Rozdział 23

226 33 3
                                    

Przebudziłam się po 7:00 i od razu podniosłam się do pozycji siedzącej. Na podłodze zobaczyłam porozrzucane zdjęcia mojej mamy, które wczoraj przeglądałam. Wzięłam jedno z nich. Chciałam się dowiedzieć jak powinna wyglądać prawdziwa czarownica. Przyjrzałam się zdjęciu. Mama stała przy jakimś chłopaku, ubrana w masywne glany, czarną bluzkę wsadzoną w czarne, poszarpane spodnie. Do tego czarna, skórzana kurtka z ćwikami na ramionach, a długie, ciemne włosy zarzucone były do przodu. Wzięłam drugie zdjęcie gdzie dokładnie widziałam jej twarz. Czerwone usta i czarne, grube kreski na powiekach. Była piękna. Wstałam z łóżka i spojrzałam w wielkie lustro powieszone na drzwiach. Zamknęłam oczy, a gdy otworzyłam je ponownie byłam ubrana i pomalowana tak jak moja mama. Podeszłam bliżej. Wyjęłam z kieszeni szminkę i pomalowałam usta na krwistą czerwień.
- Jestem piękna. - pomyślałam poprawiając włosy i uśmiechając się szarmandzko.

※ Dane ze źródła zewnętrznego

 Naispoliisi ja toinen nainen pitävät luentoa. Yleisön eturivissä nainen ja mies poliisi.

Zeszłam na dół, wiedząc, że niedługo będzie śniadanie. Zauważyłam Michaela siedzącego przy wielkim stole. Moje serce rozpłynęło się, gdy spojrzał na mnie swoimi pięknymi oczyma. Usiadłam naprzeciwko niego.

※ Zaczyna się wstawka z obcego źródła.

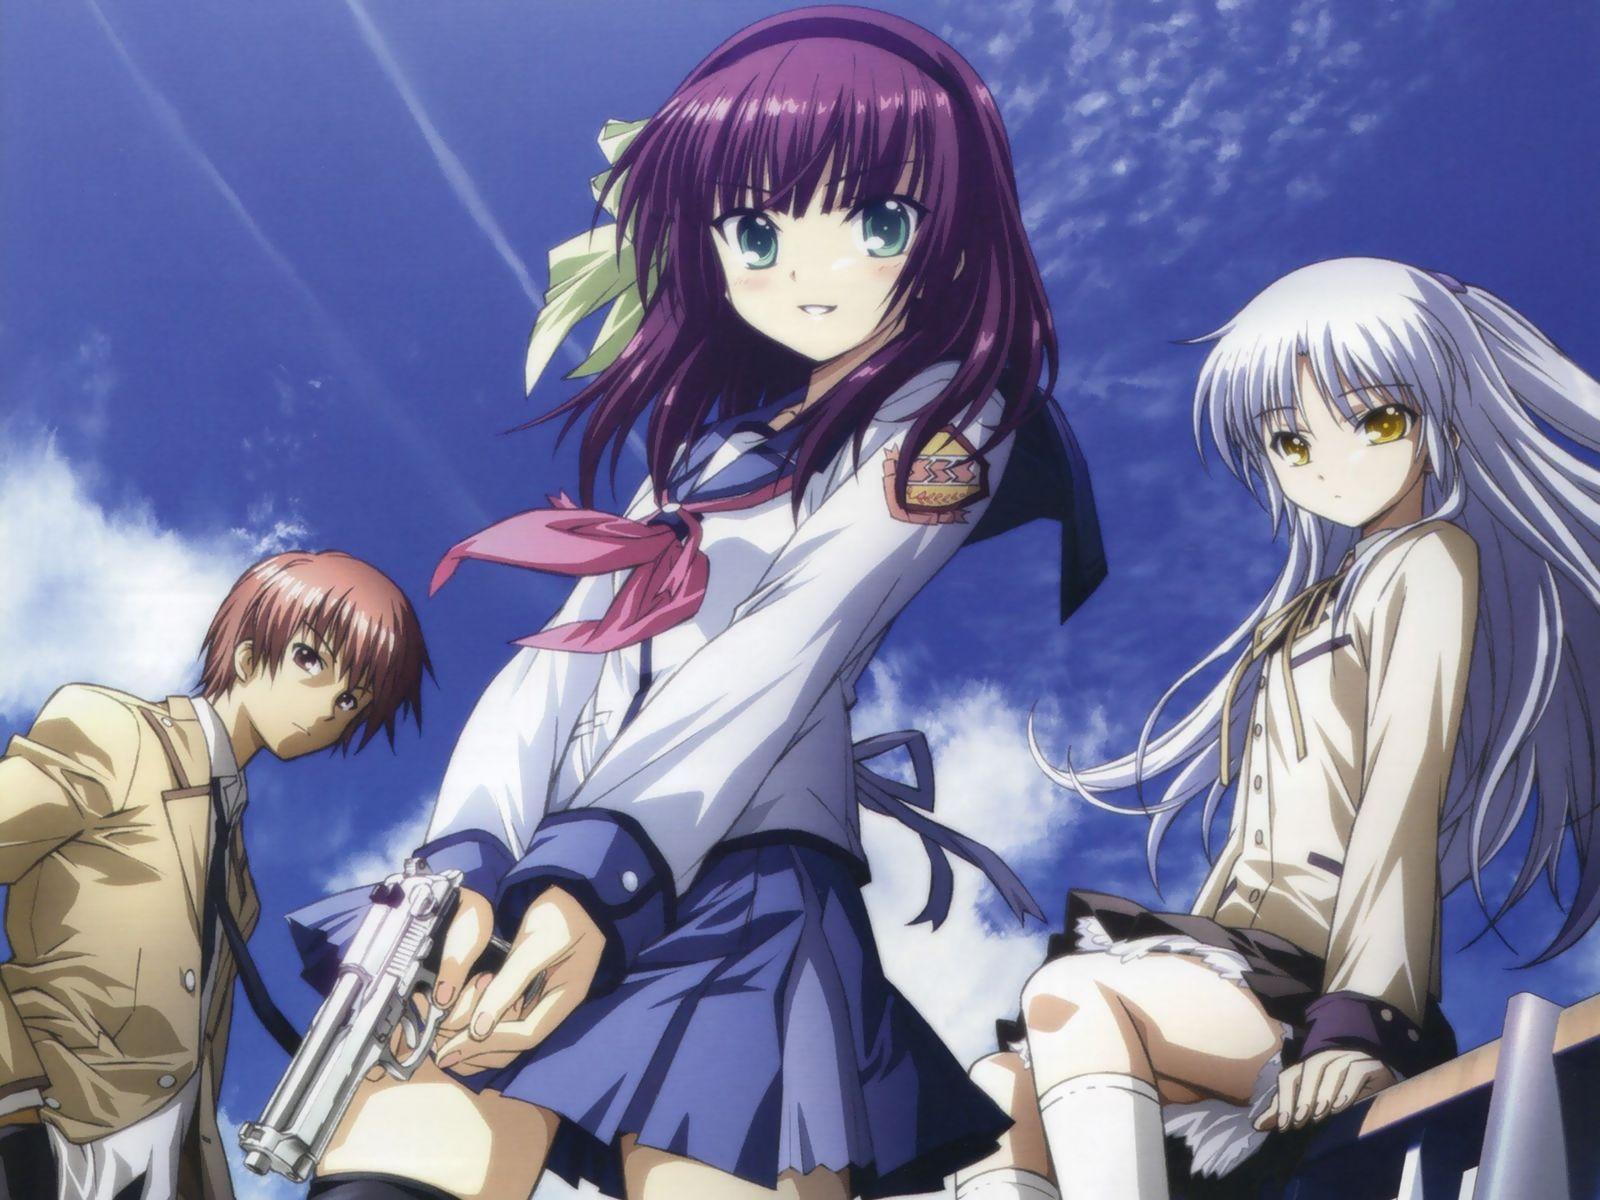 The main characters (from left to right) Otonashi, Yuri, and Angel (Kanade).

- Cześć. - powiedział uśmiechając się do mnie.
- Hej.
- Jak minęła noc?
- Bardzo dobrze. Naprawdę. Masz bardzo wygodne łóżko. - zaśmiałam się.

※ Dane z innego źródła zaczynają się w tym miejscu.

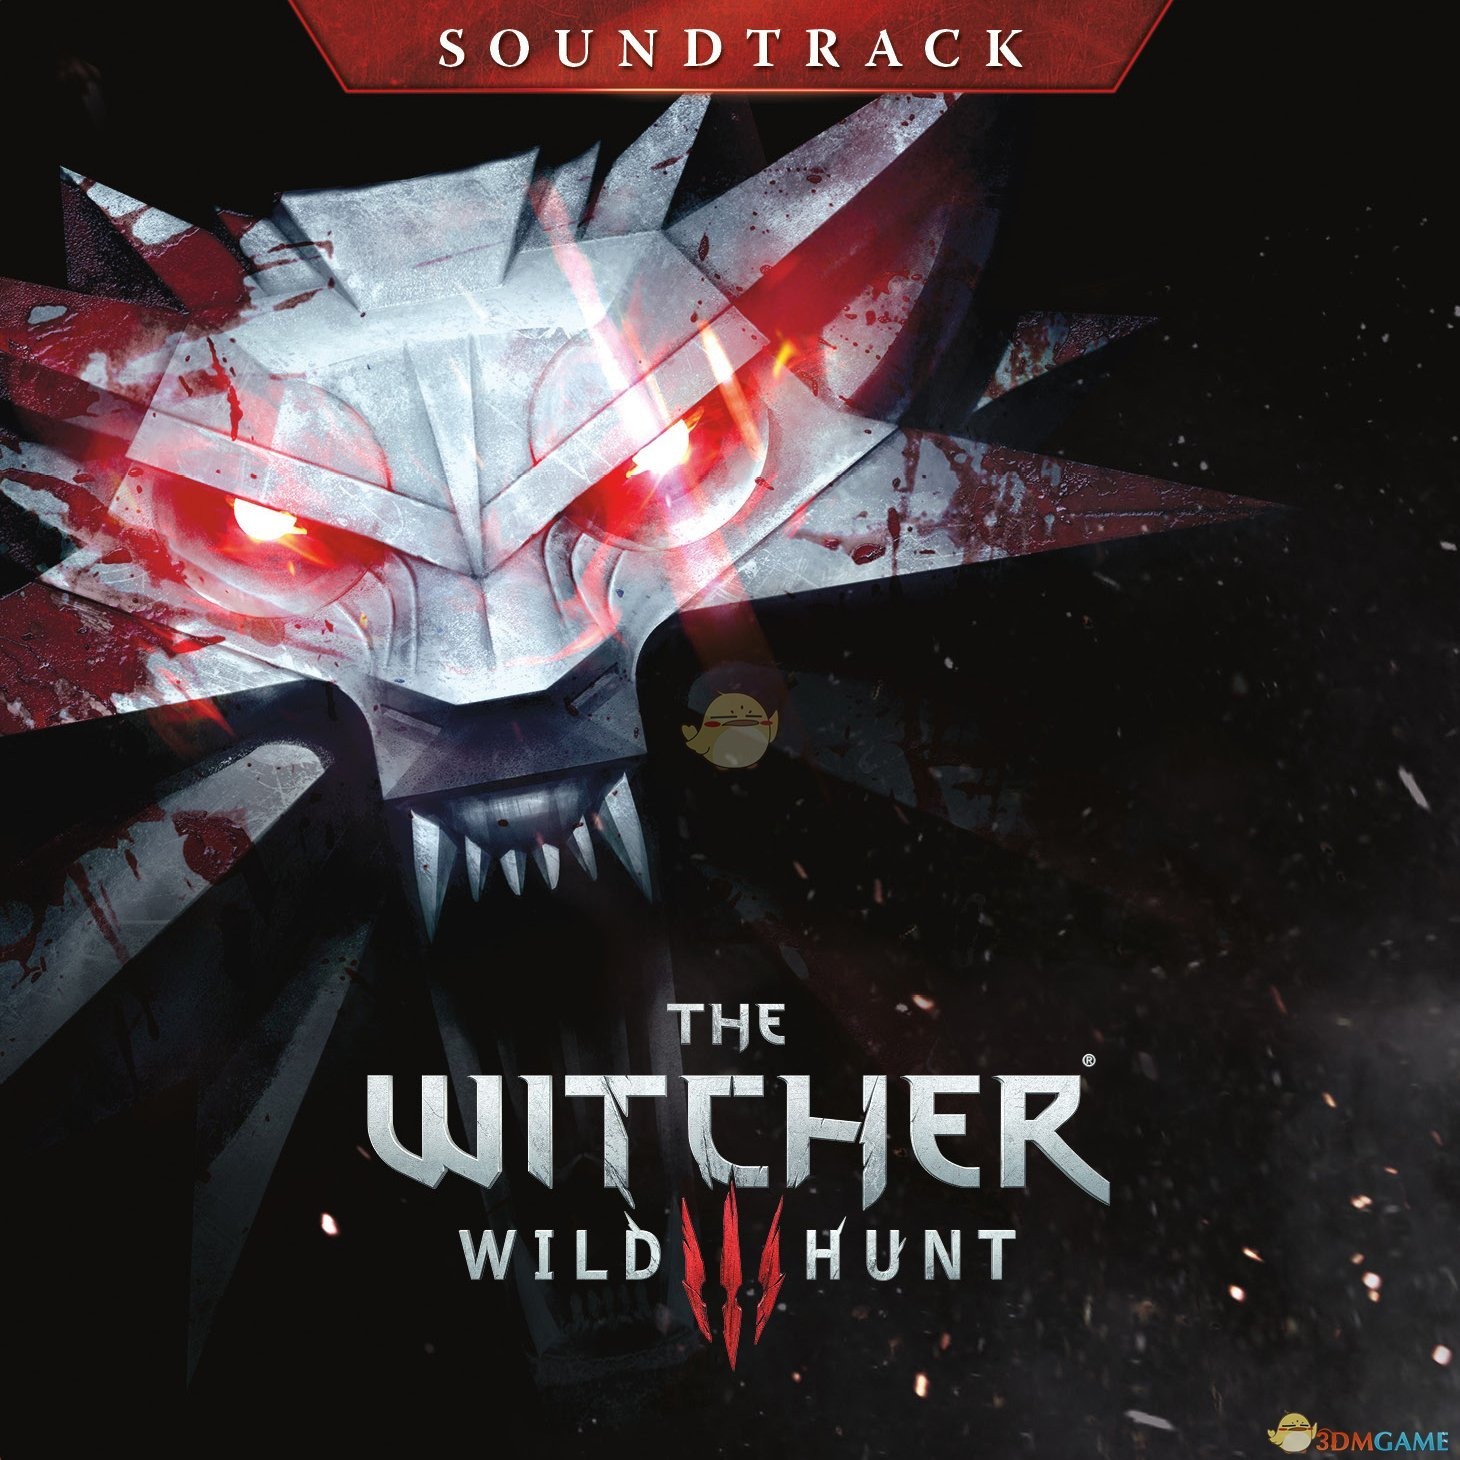 《巫师3:狂猎》官方原声无损OST

- Haha. W takim razie bardzo się cieszę. Może powiesz mi coś o sobie? - zapytał patrząc mi prosto w oczy.
- Hmm.. Mam na imię Martyna i mam 16 lat, ale to już wiesz. Jestem z Polski co również wiesz. Mieszkam w wielkim domu. Moi rodzice zmarli dwa lata temu. Tak, udało mi się wymigać od Domu Dziecka. Kocham tańczyć i grać w koszykówkę. Przyjechałam tu tylko po to, żeby spróbować swoich szans w castingu. Po namowach przyjaciół postanowiłam tu zostać i zaczęłam naukę w Iridium. Wygraliśmy casting i jesteśmy tu. Ogólnie nie potrafię okazywać uczuć. To dziwne, ale nie nauczono mnie tego. Tak w skrócie to wygląda.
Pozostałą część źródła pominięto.